* **Data provided**
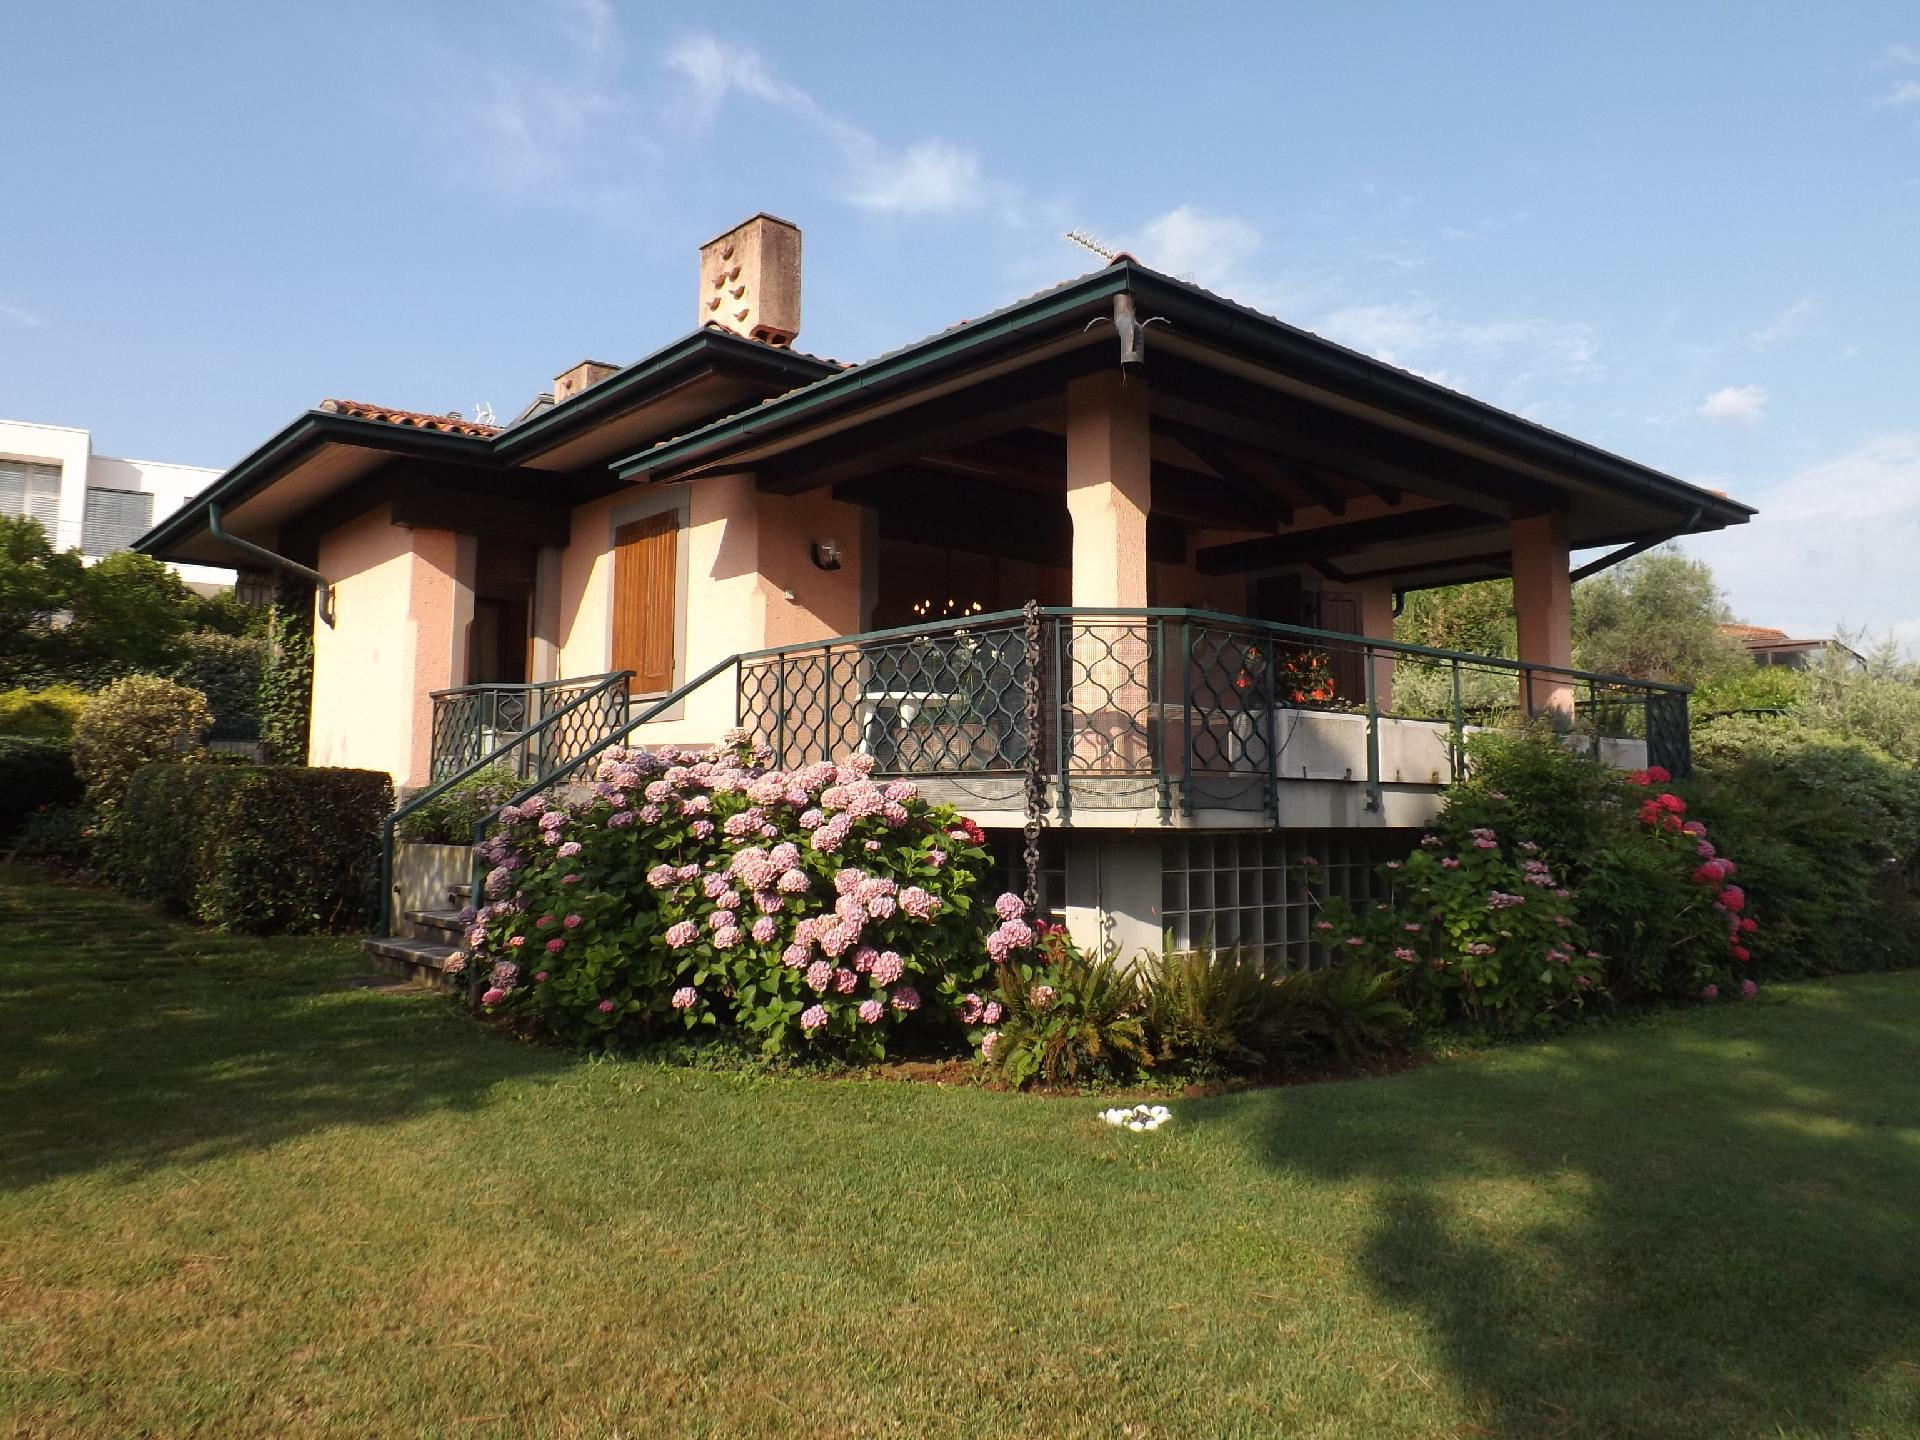 Ferienhaus für 9 Personen ca. 250 m² in    Gardasee - Lago di Garda
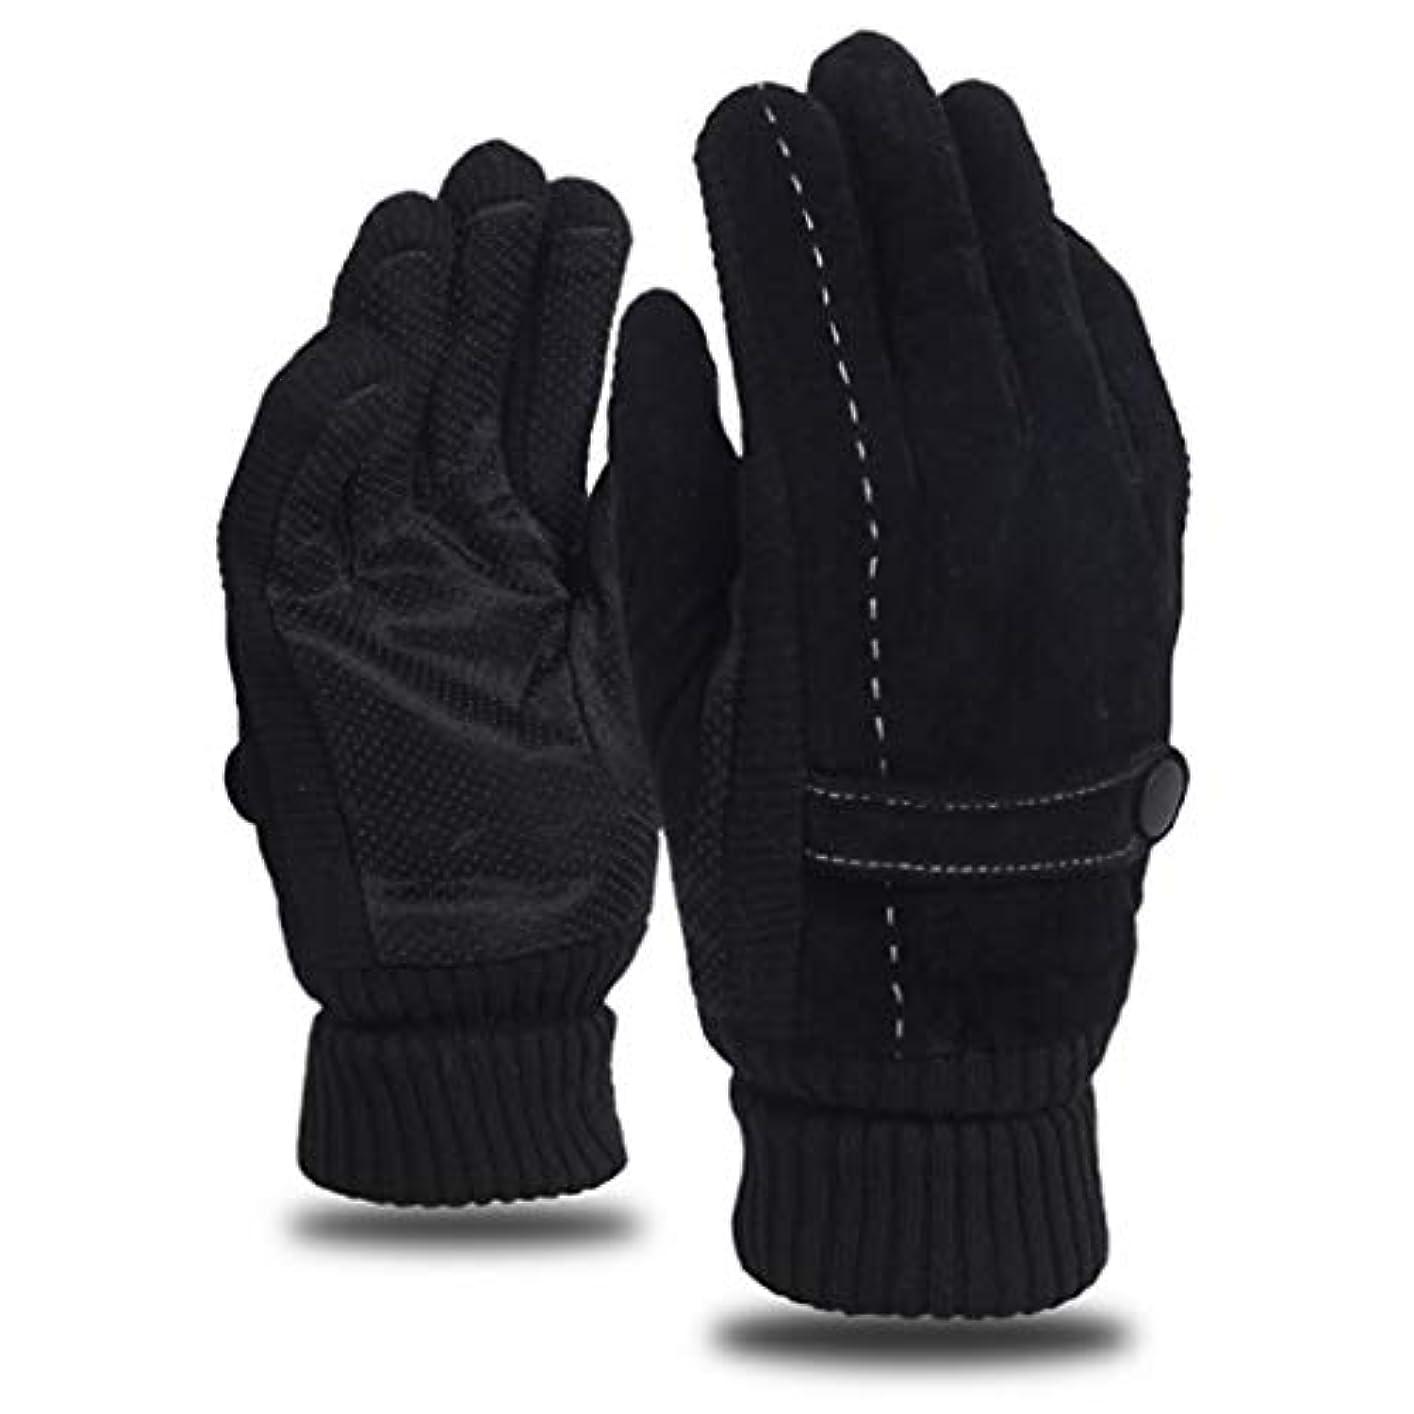 効果的にたとえ機動レザーグローブメンズウィンライディングプラスベルベット厚手暖かいドライビングアウトドアオートバイ防風コールドノンスリップメンズコットン手袋 (色 : 黒)
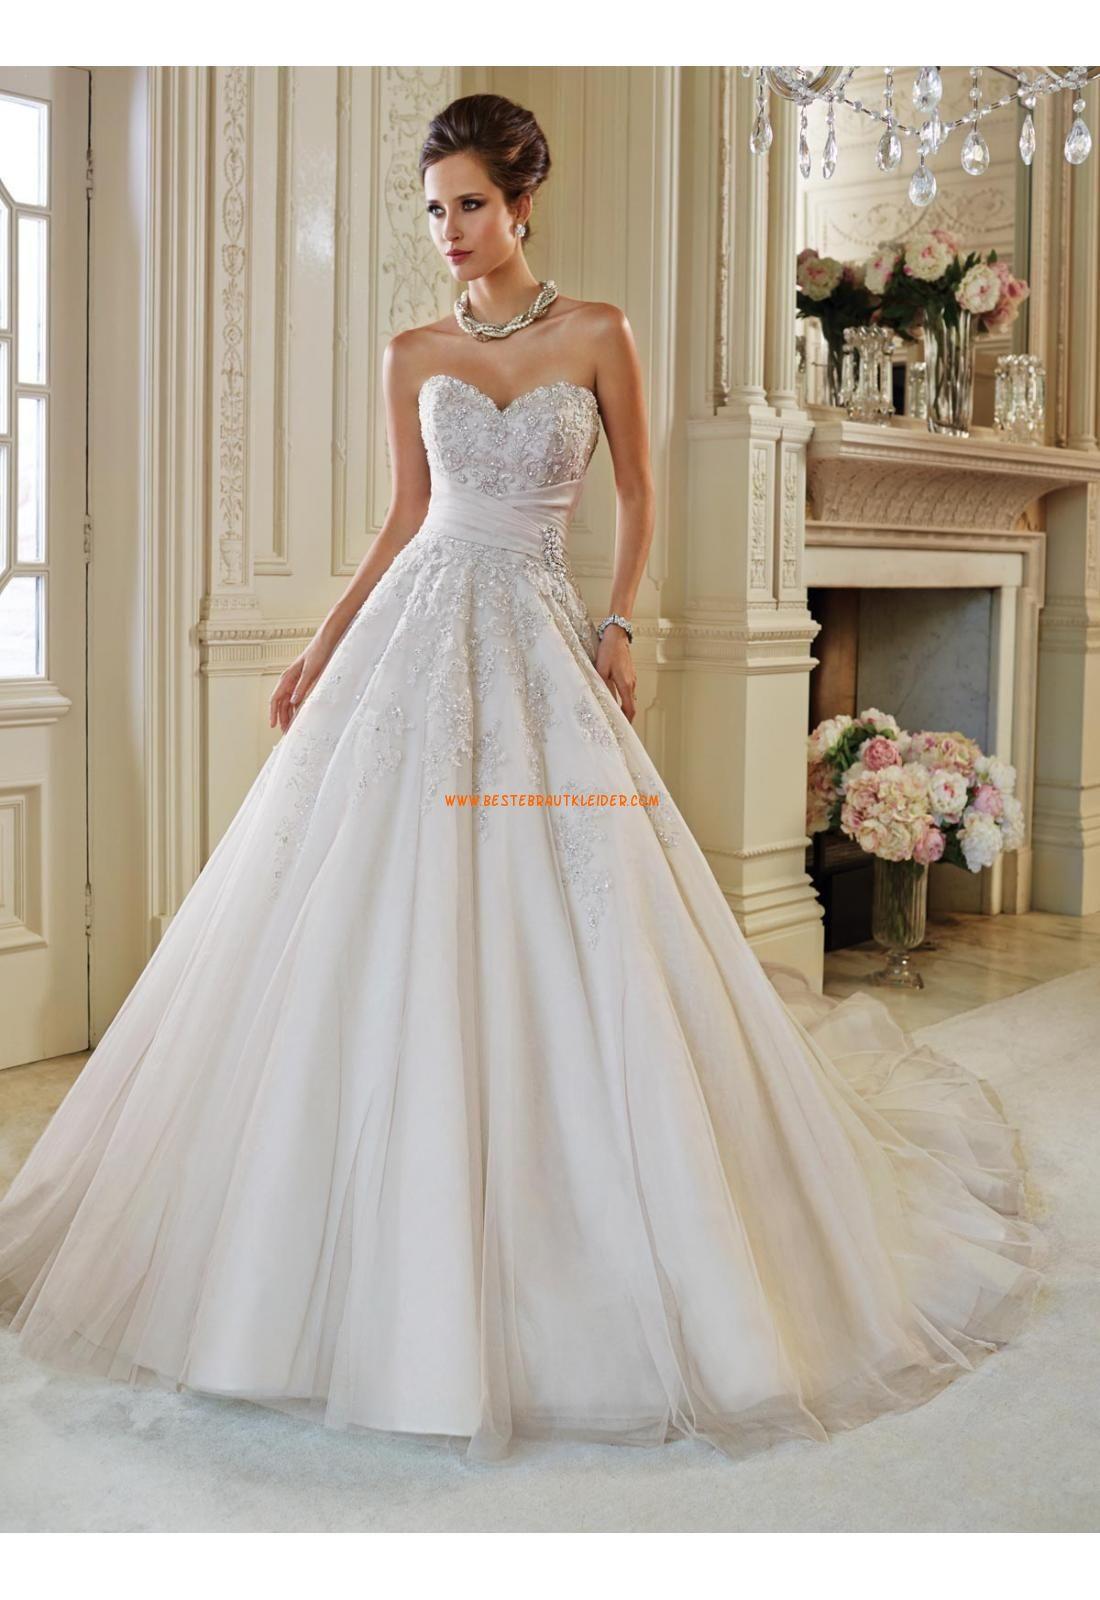 Herz-ausschnitt Luxuriöse Trendige Brautkleider aus Organza mit ...

* **Task instructions**
When copying, output the data exactly and leave out the pictures.

* **Written answer**
 Ferienhaus für 9 Personen ca. 250 m² in    Gardasee - Lago di Garda
 効果的にたとえ機動レザーグローブメンズウィンライディングプラスベルベット厚手暖かいドライビングアウトドアオートバイ防風コールドノンスリップメンズコットン手袋 (色 : 黒)
 Herz-ausschnitt Luxuriöse Trendige Brautkleider aus Organza mit ...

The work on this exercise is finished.